OK, so first of all, .
isn't a dplyr
construct; it comes from the pipe operator supplied by magrittr
. It's perfectly possible to write dplyr
code without using %>%
although it would be much less readable. .data
on the other hand, is native to dplyr
(and other tidyverse packages such as tidyr
that also provide data masking functions).
From a technical standpoint, only .
fits this description. .
represents the object on the LHS of the pipe which could be anything (not necessarily a data frame). The .data
pronoun is specific to data masking functions which are designed for working with data frames.
library(magrittr)
# Piping a vector.
c(1, 2, 3) %>% mean(.)
#> [1] 2
# Piping a list.
list(c(1, 2, 3), c(4, 5, 6)) %>% sapply(., max)
#> [1] 3 6
# And of course, piping a data.frame.
iris %>% head(.)
#> Sepal.Length Sepal.Width Petal.Length Petal.Width Species
#> 1 5.1 3.5 1.4 0.2 setosa
#> 2 4.9 3.0 1.4 0.2 setosa
#> 3 4.7 3.2 1.3 0.2 setosa
#> 4 4.6 3.1 1.5 0.2 setosa
#> 5 5.0 3.6 1.4 0.2 setosa
#> 6 5.4 3.9 1.7 0.4 setosa
Created on 2020-08-14 by the reprex package (v0.3.0)
Even when you're piping data frames, .
isn't really equivalent to .data
since the former is a data.frame
while the latter is not.
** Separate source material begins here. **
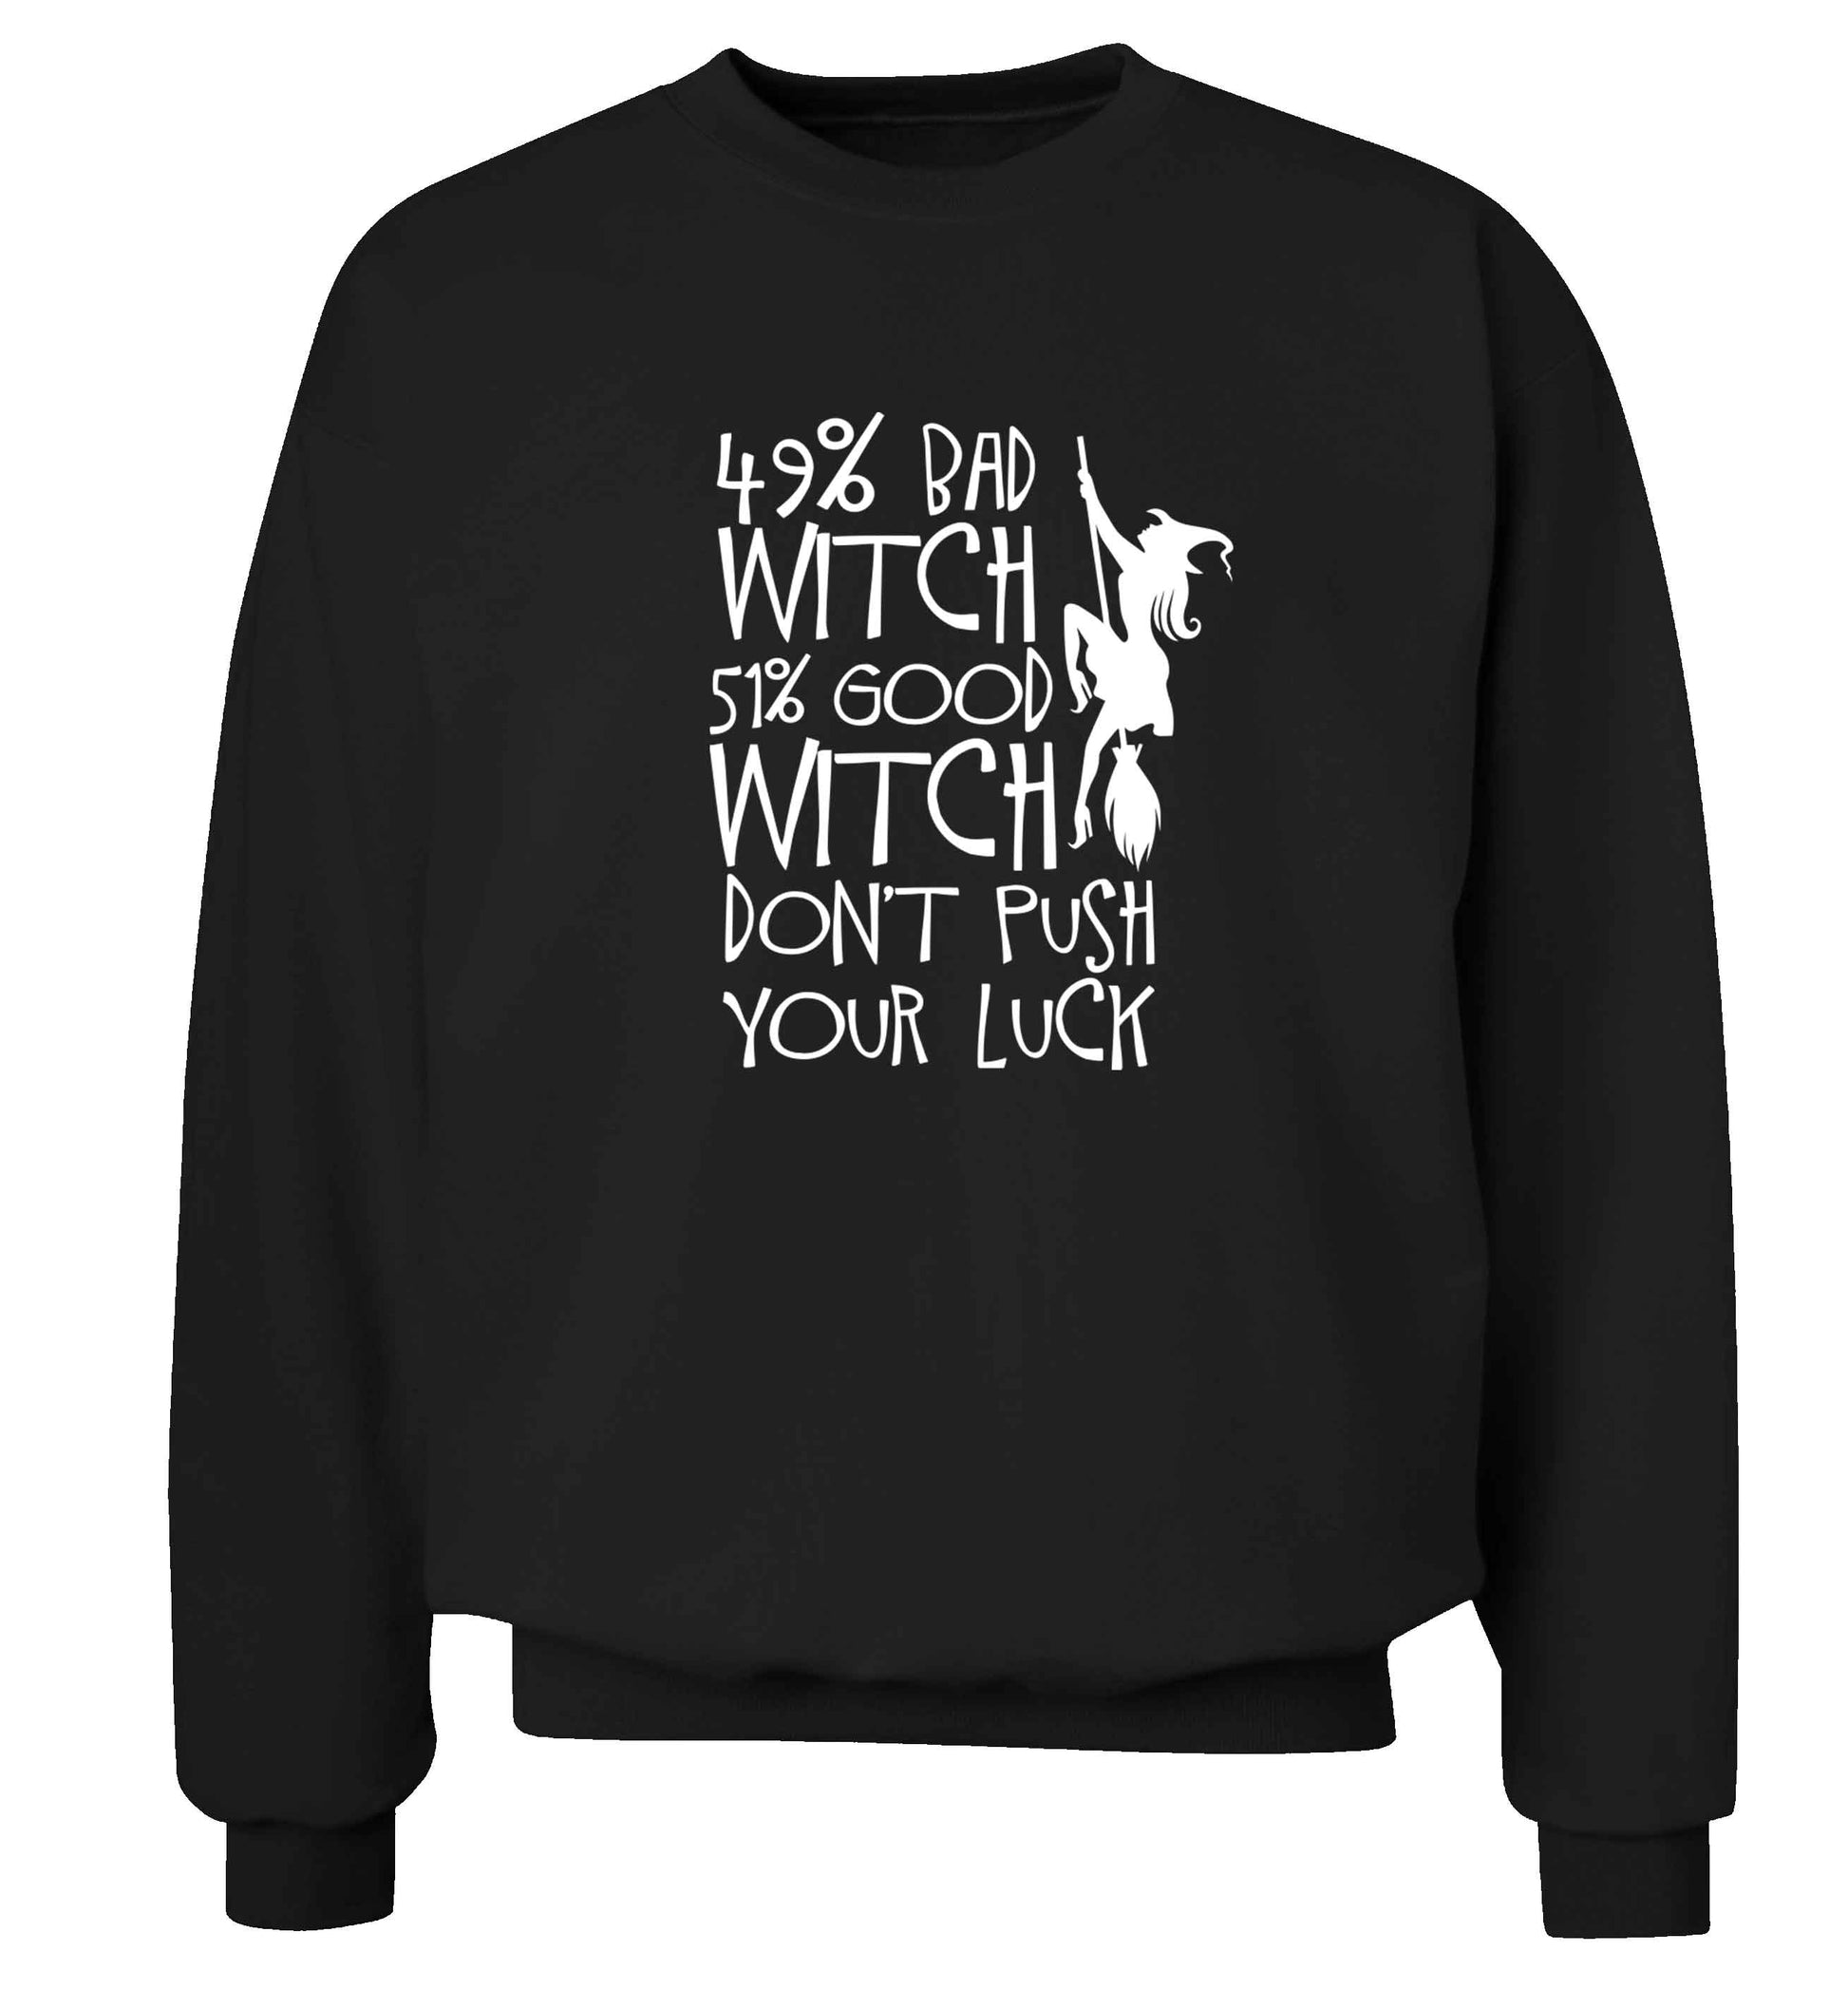 49% bad witch 51% good witch don't push your luck adult's unisex black sweater 2XL

When you want to refer to the object on the LHS of %>%
, always use .
.
So then what is .data
used for? Mainly to disambiguate between data variables and environment variables. Consider the following example:
library(dplyr, warn.conflicts = FALSE)
# We have defined an environment variable n.
n <- 100
# We want to use n in a computation.
data.frame(x = 1) %>%
mutate(y = x / n) %>%
pull()
#> [1] 0.01
# But what happens if the data frame already contains a variable called n?
data.frame(x = 1, n = 2) %>%
mutate(y = x / n) %>%
pull()
#> [1] 0.5
# We get the wrong answer because the data frame variable n has precedence in
# the computation i.e. the data variable n "masks" the environment variable n.
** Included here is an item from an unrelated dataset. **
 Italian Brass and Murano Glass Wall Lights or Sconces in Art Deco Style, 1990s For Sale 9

# To disambiguate, we need to be explicit about where the variables come from
# by using the .data and .env pronouns.
data.frame(x = 1, n = 2) %>%
mutate(y = .data$x / .env$n) %>%
pull()
#> [1] 0.01
Created on 2020-08-14 by the reprex package (v0.3.0)
This distinction between data and environment variables is important when you're writing functions for packages since you have no idea what variables will be present in the user's workspace.
You may have noticed that the last example works fine with x
as long as you use .env$n
since data variables always have precedence in data masking functions. Then why use .data
at all? Well, when you want to write functions that wrap data masking functions, you need to "tunnel" data variables through the environment variables by using the {{
(embrace) operator. When you do this however, your function also becomes a data masking function.
library(dplyr, warn.conflicts = FALSE)
my_function <- function(data, by, var) {
data %>%
group_by({{ by }}) %>%
summarise(avg = mean({{ var }}))
}
# my_function is a data masking function. This allows the user to supply bare
# quoted expressions to function arguments just like dplyr functions.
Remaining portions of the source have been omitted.